### The data
BEGIN
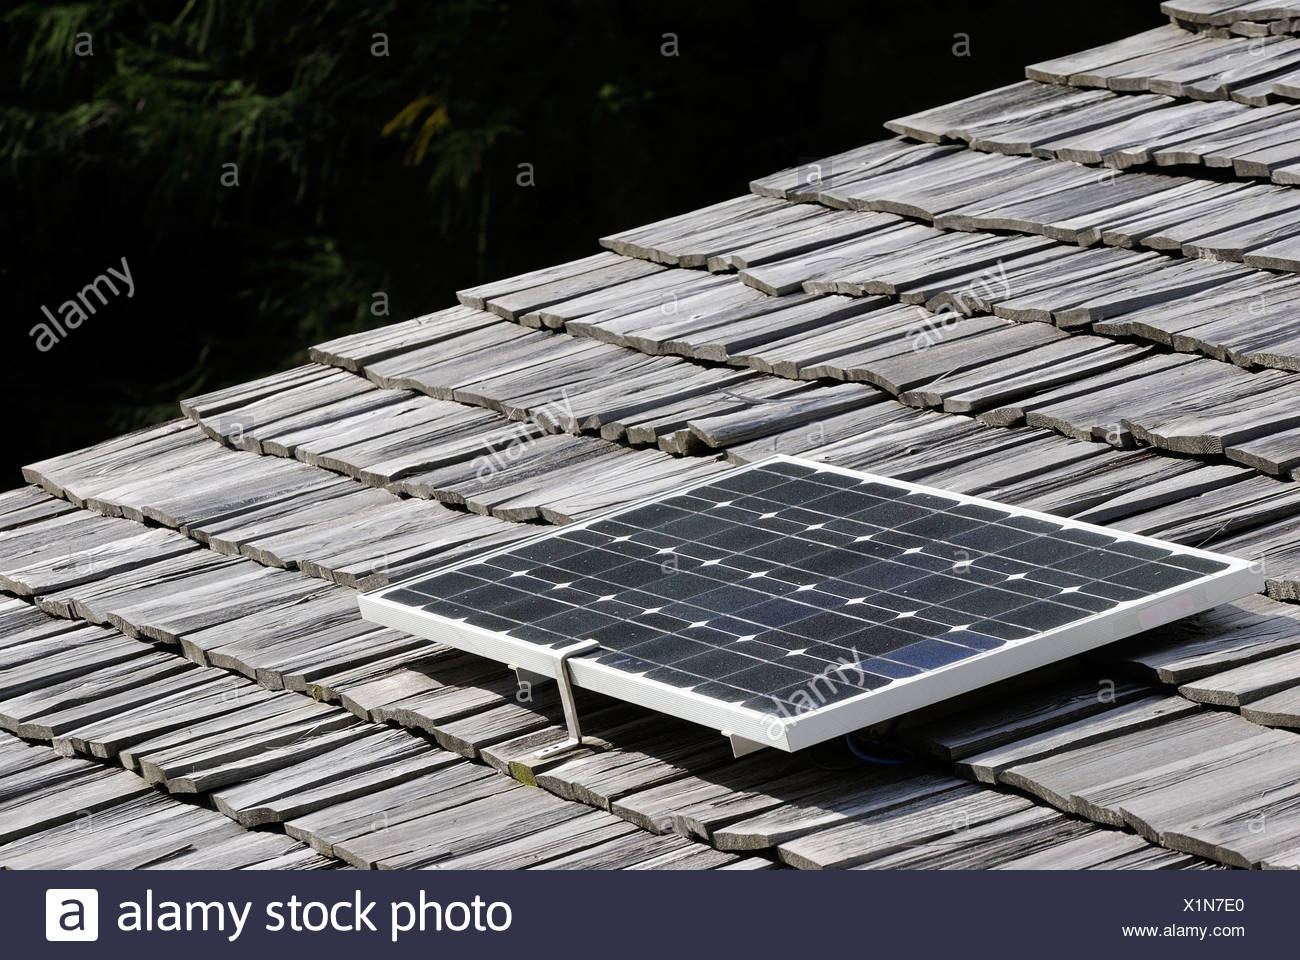 Europe, Austria, Solar panel on roof top - Stock Image
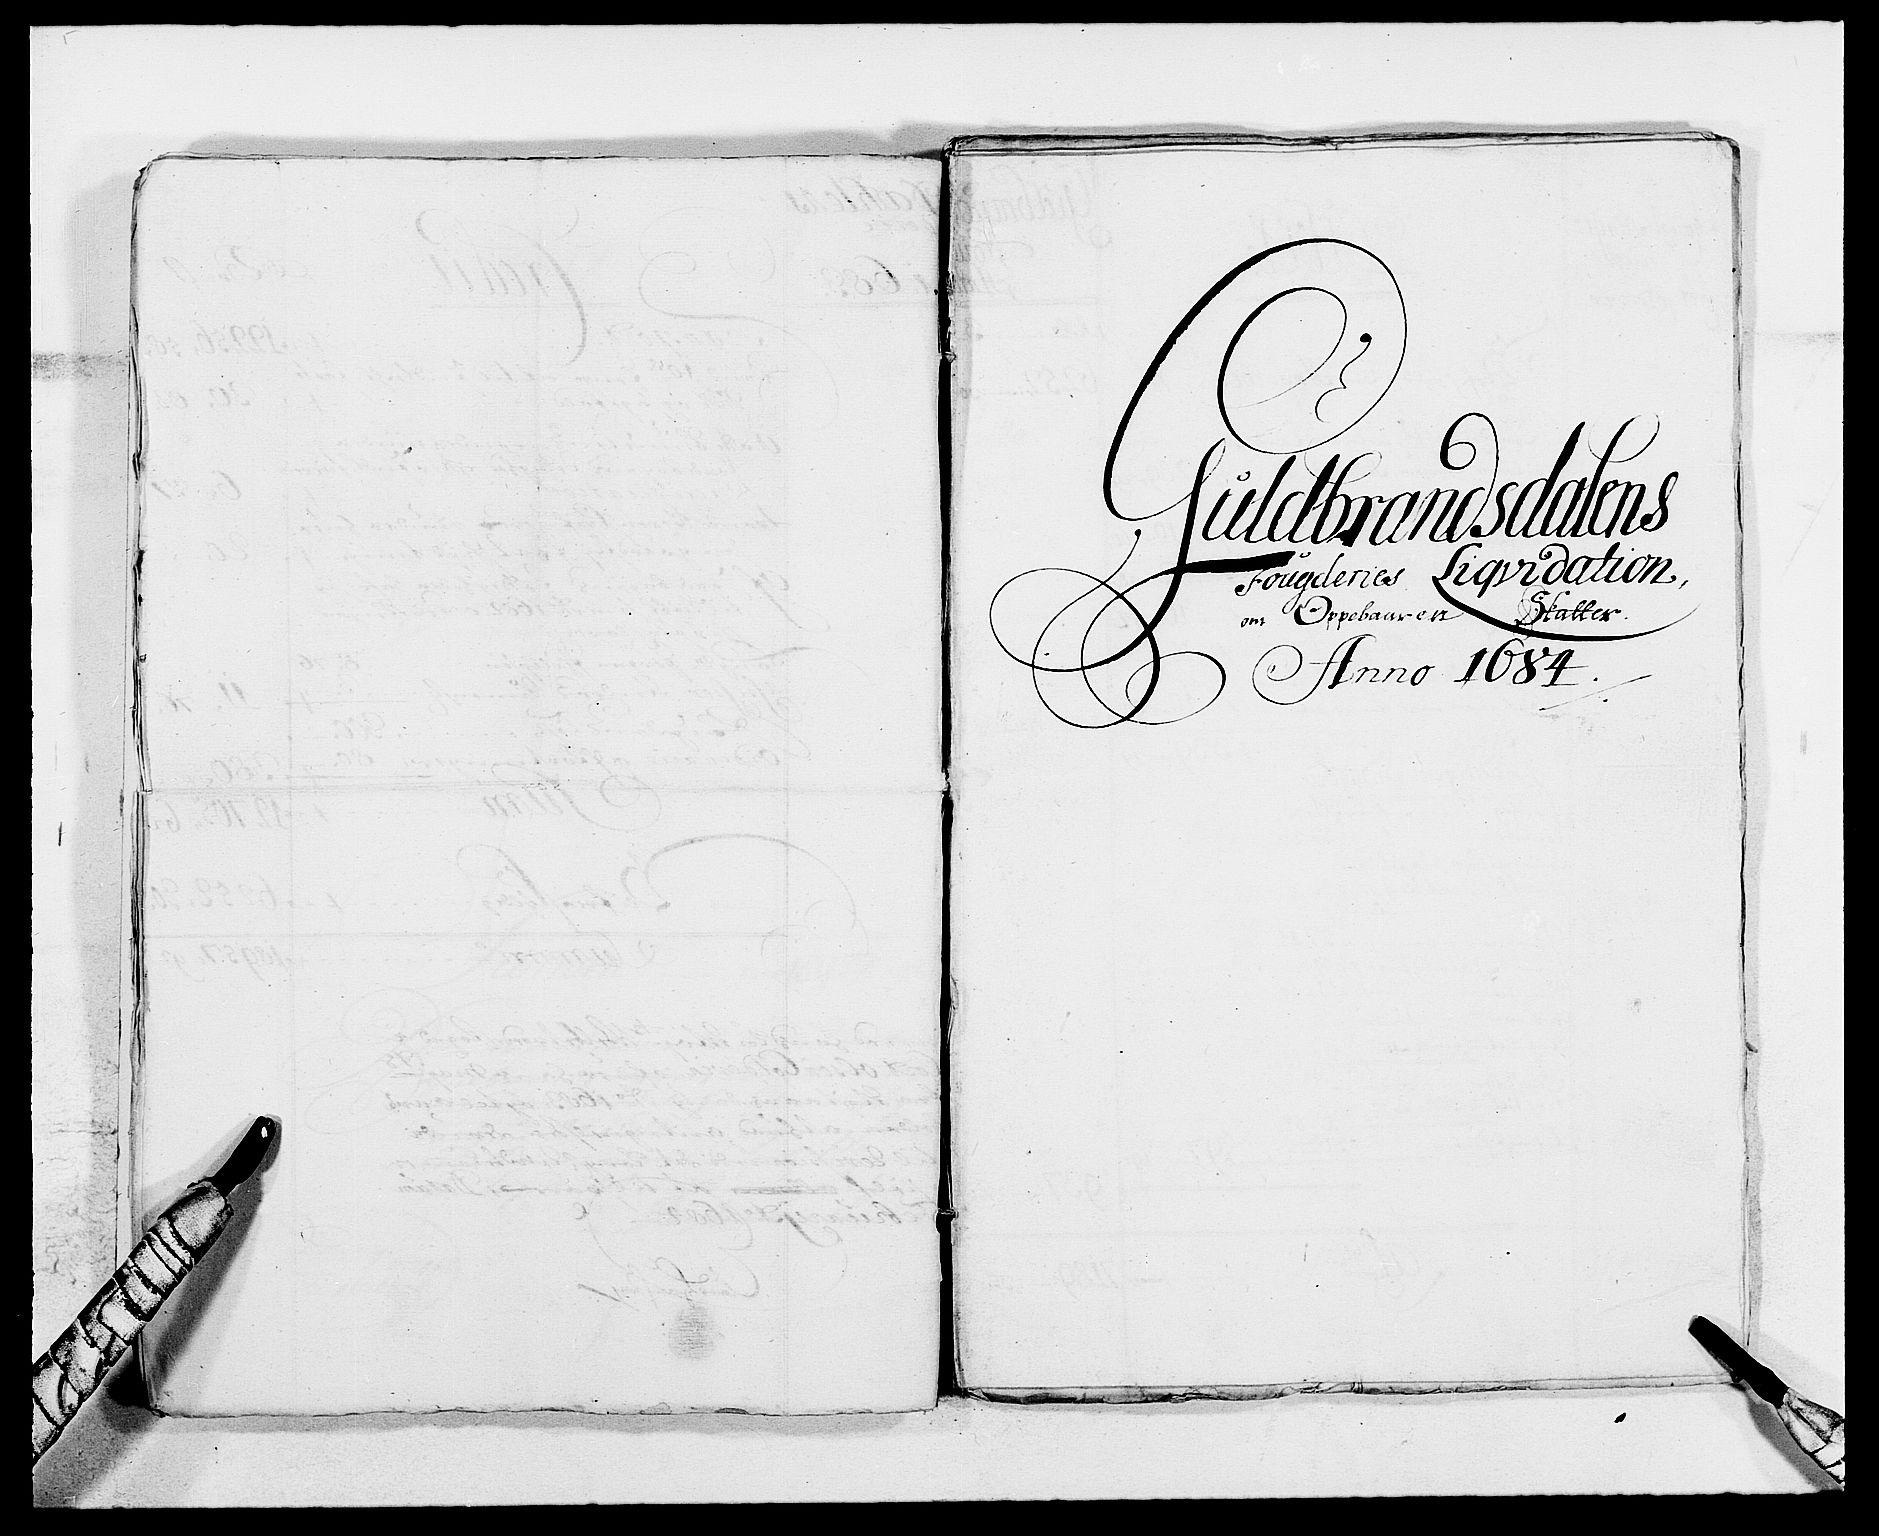 RA, Rentekammeret inntil 1814, Reviderte regnskaper, Fogderegnskap, R17/L1157: Fogderegnskap Gudbrandsdal, 1682-1689, s. 12
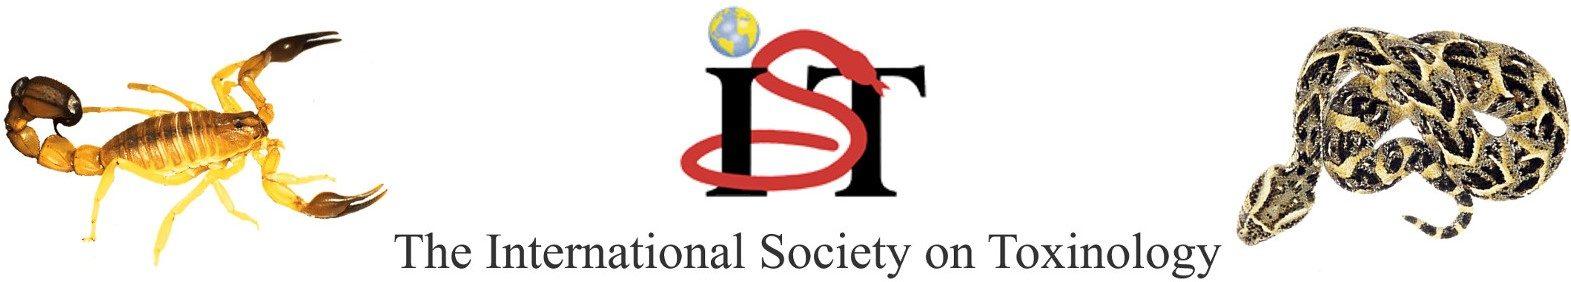 The International Society on Toxinology
END
Please restate the data word for word, leaving out any picture it holds.

 Europe, Austria, Solar panel on roof top - Stock Image
 RA, Rentekammeret inntil 1814, Reviderte regnskaper, Fogderegnskap, R17/L1157: Fogderegnskap Gudbrandsdal, 1682-1689, s. 12
 The International Society on Toxinology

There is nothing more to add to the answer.